Members of the House come in sometimes and sit on the couches that line the walls at the back of the chamber. Now and again former Senators come in and take their old accustomed places, listening with wistful interest to the proceedings on the floor.
When the Yeas and Nays are demanded, the Clerk goes down the list calling “Mr. Aiken! Mr. Austin!” and so following, in a loud challenging voice. Senators who come in after the call has begun wait patiently until it has finished and then rise to be recognized. The Chair then calls them out by title, “The junior Senator from Michigan!” whereupon the Clerk cries reprovingly, “Mr. Ferguson!” and the Senator votes. Then the Clerk reads those voting in the affirmative, followed by those voting in the negative. Then he adds them up and passes his tally up to the VicePresident’s desk; the Chair announces the decision. Then we scramble up the steep gallery stairs and stream into the press room like something out of a movie, and the air is filled for half an hour with the loud excited clatter of typewriters and teletypes and the urgent ringing of telephones. Around the large table in the main press room, where the big mirrors stretch toward the ceiling and where in winter the fire is always lit, members of the fourth estate play poker in the best Hollywood tradition.
In the subway between the Senate and the Office Building, the operators must make close to a thousand trips a day, back and forth and back and forth along their block-long railway. The walls are painted a light, cleanlooking gray; it is as though you were being whisked along the passageways of some sanitary modern hospital. Frequently Senators arrive at one end or the other to find the cars in transit, whereupon they apply themselves to the bell For Senators Only and the air resounds with three imperious clangings. In the same fashion, and with the same three rings, they are wont to summon recalcitrant elevators, which must take Senators where they want to go first, and only then attend to the needs of lesser breeds.
Whenever a message is sent to the Senate from the House or the President, the messenger stands just inside the doorway while the Chair asks the Senator speaking to “suspend for a moment while the Senate receives a message from the House of Representatives.” The Chair stands, the messenger bows from the waist. “A message from the House of Representatives!” says a Senate clerk. The House messenger describes it (“Mr. President, the House has passed Senate Bill No. So-and-So, and has passed various and sundry enrolled bills to which the Speaker has affixed his signature”). The Majority Secretary takes the message and brings it to the Vice President’s desk. The interrupted Senator resumes speaking.
When you get off the elevator from the gallery onto the first floor it is as though you were entering a mosque; innumerable archways greet the eye, and an intricate brown design combining flowers and heros runs endlessly over the walls.
Whenever a quorum is demanded on the floor the Clerk goes down the list, calling each name. Meanwhile throughout the Senate side and in every committee room and office in the Senate Office Building, the two sharp rings of the quorum bell resound. Senators come in slowly from the hallways, are recognized and answer, “Here!” If the list is exhausted without a quorum of 49 being found, the Clerk goes through the roll of the absentees until it is.
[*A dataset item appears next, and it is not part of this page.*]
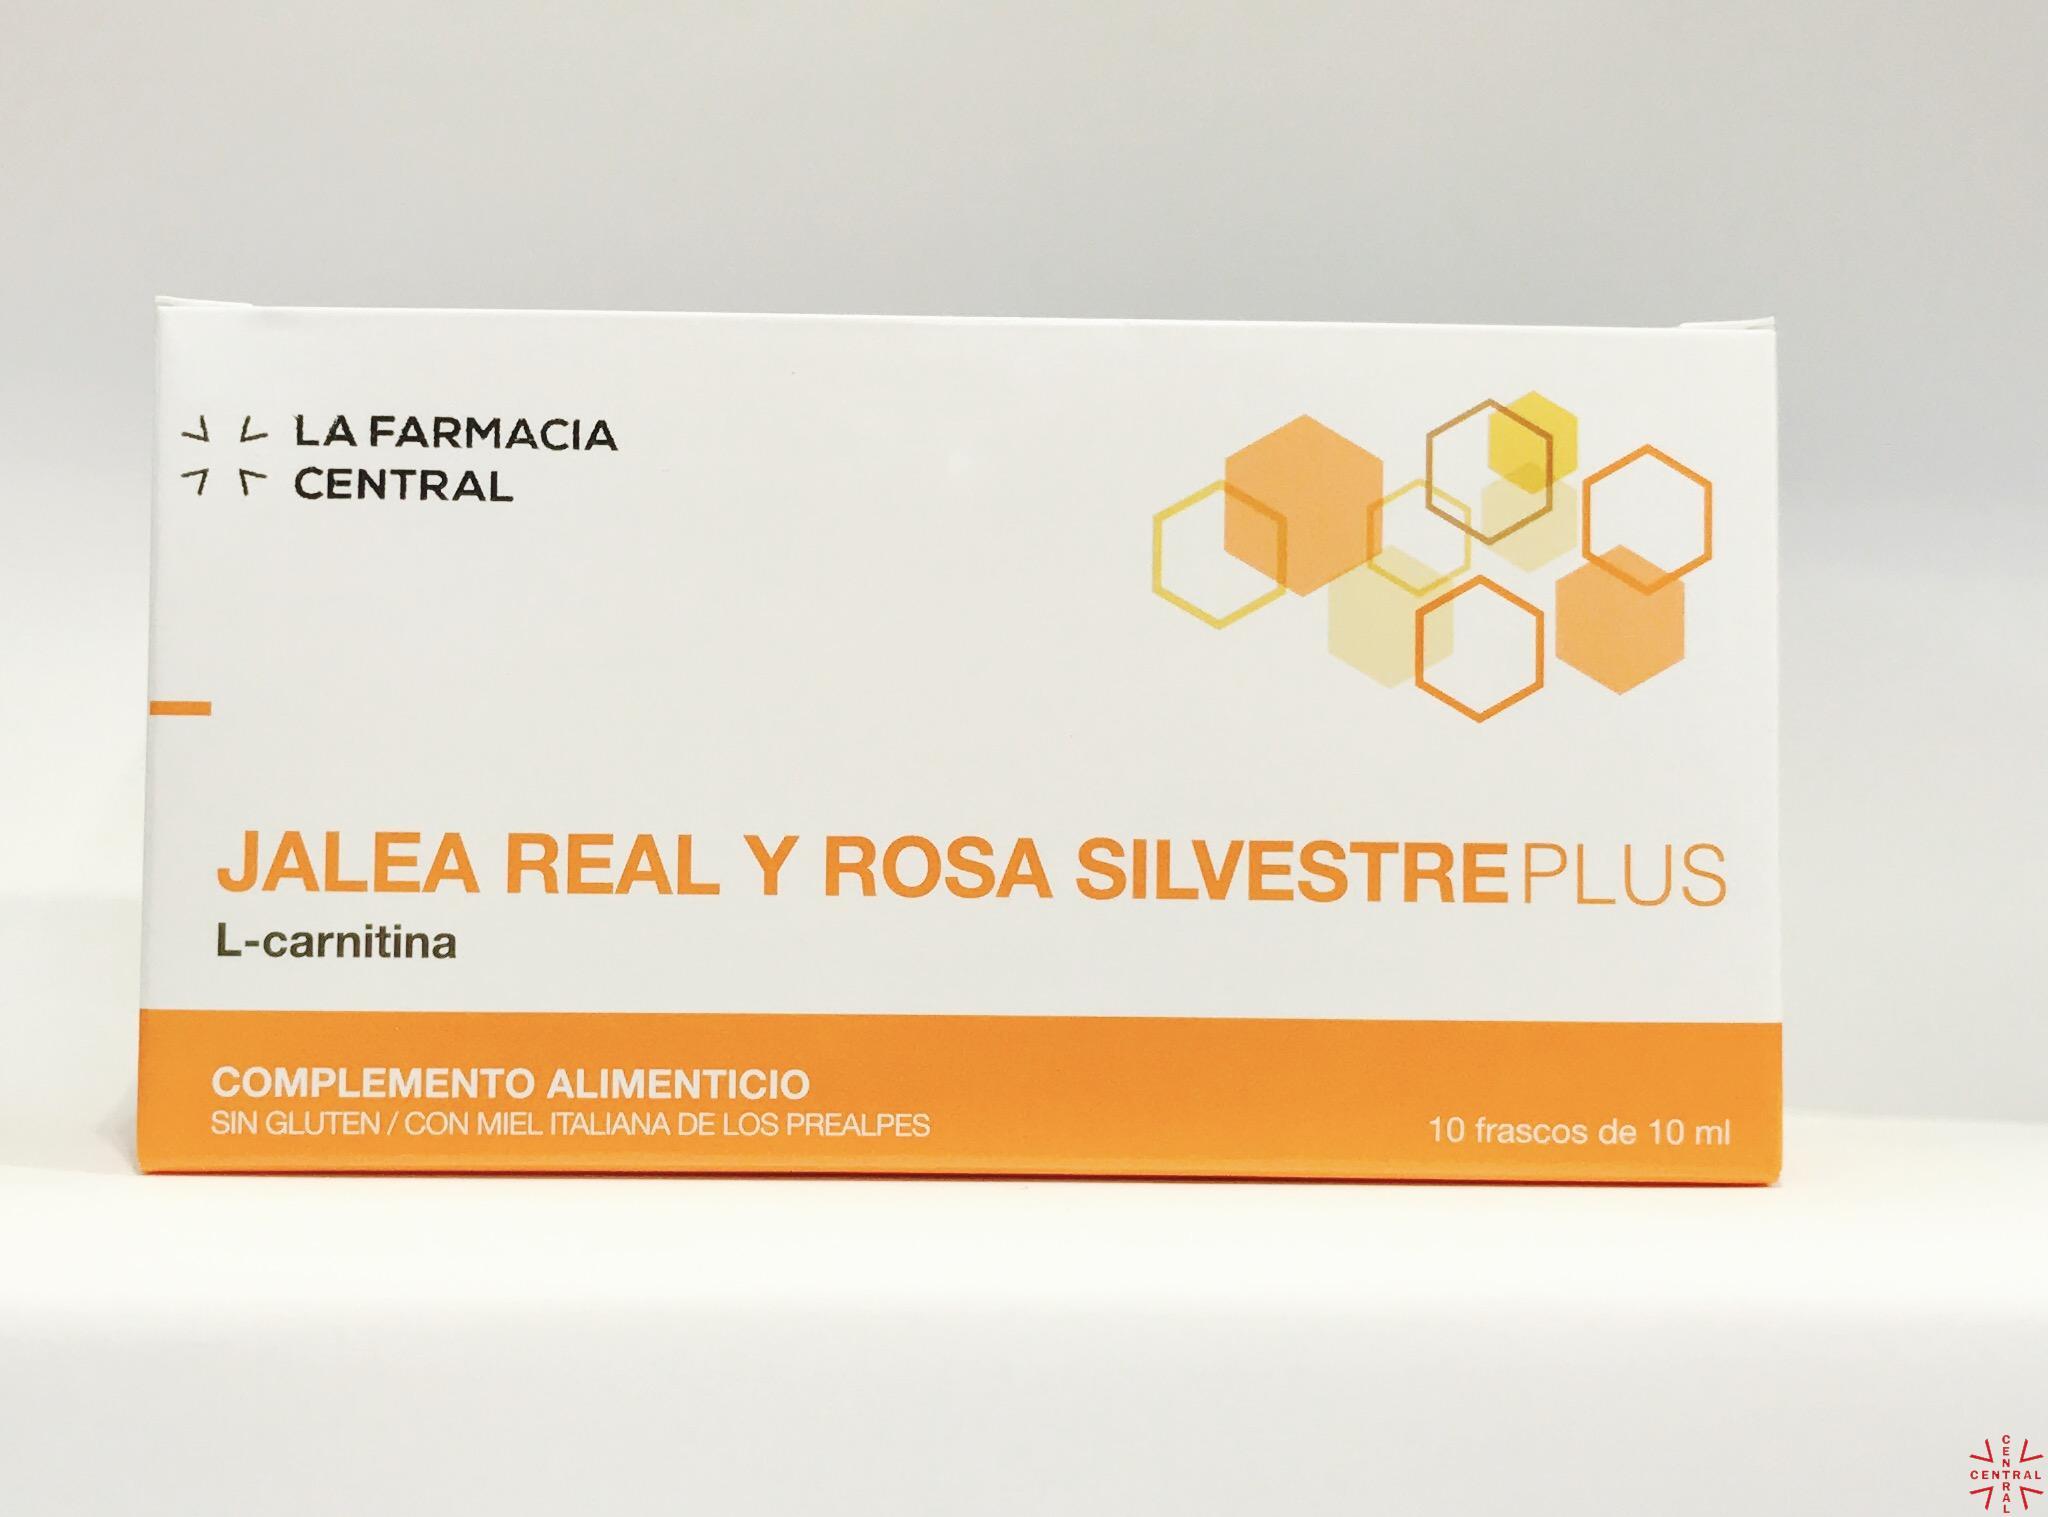 LFC Jalea Real y Rosa Silvestre plus 10 frascos

There is frequently a lot of talking and visiting on the floor, and quite often the Chair is compelled to pound for order. It is always granted promptly, although the conversations are apt to continue sotto voce in little intimate huddles around someone’s desk.
Legislation is followed by the press with more than professional interest: in a very real sense the press is an active part of the lawmaking process. Bills become living things, and arguments about them rage on the sofas and around the card table during slack periods in the Press Gallery. The press, by and large, combines a deep cynicism with some of the truest idealism to be found anywhere.
No one could do a really thorough job of reporting the Senate without the invaluable assistance of the gallery staff, who obtain copies of bills, distribute statements and speeches, keep tab on complicated parliamentary procedures, keep the list of committee hearings, furnish copy paper and reference books and in general keep the press supplied with whatever it needs.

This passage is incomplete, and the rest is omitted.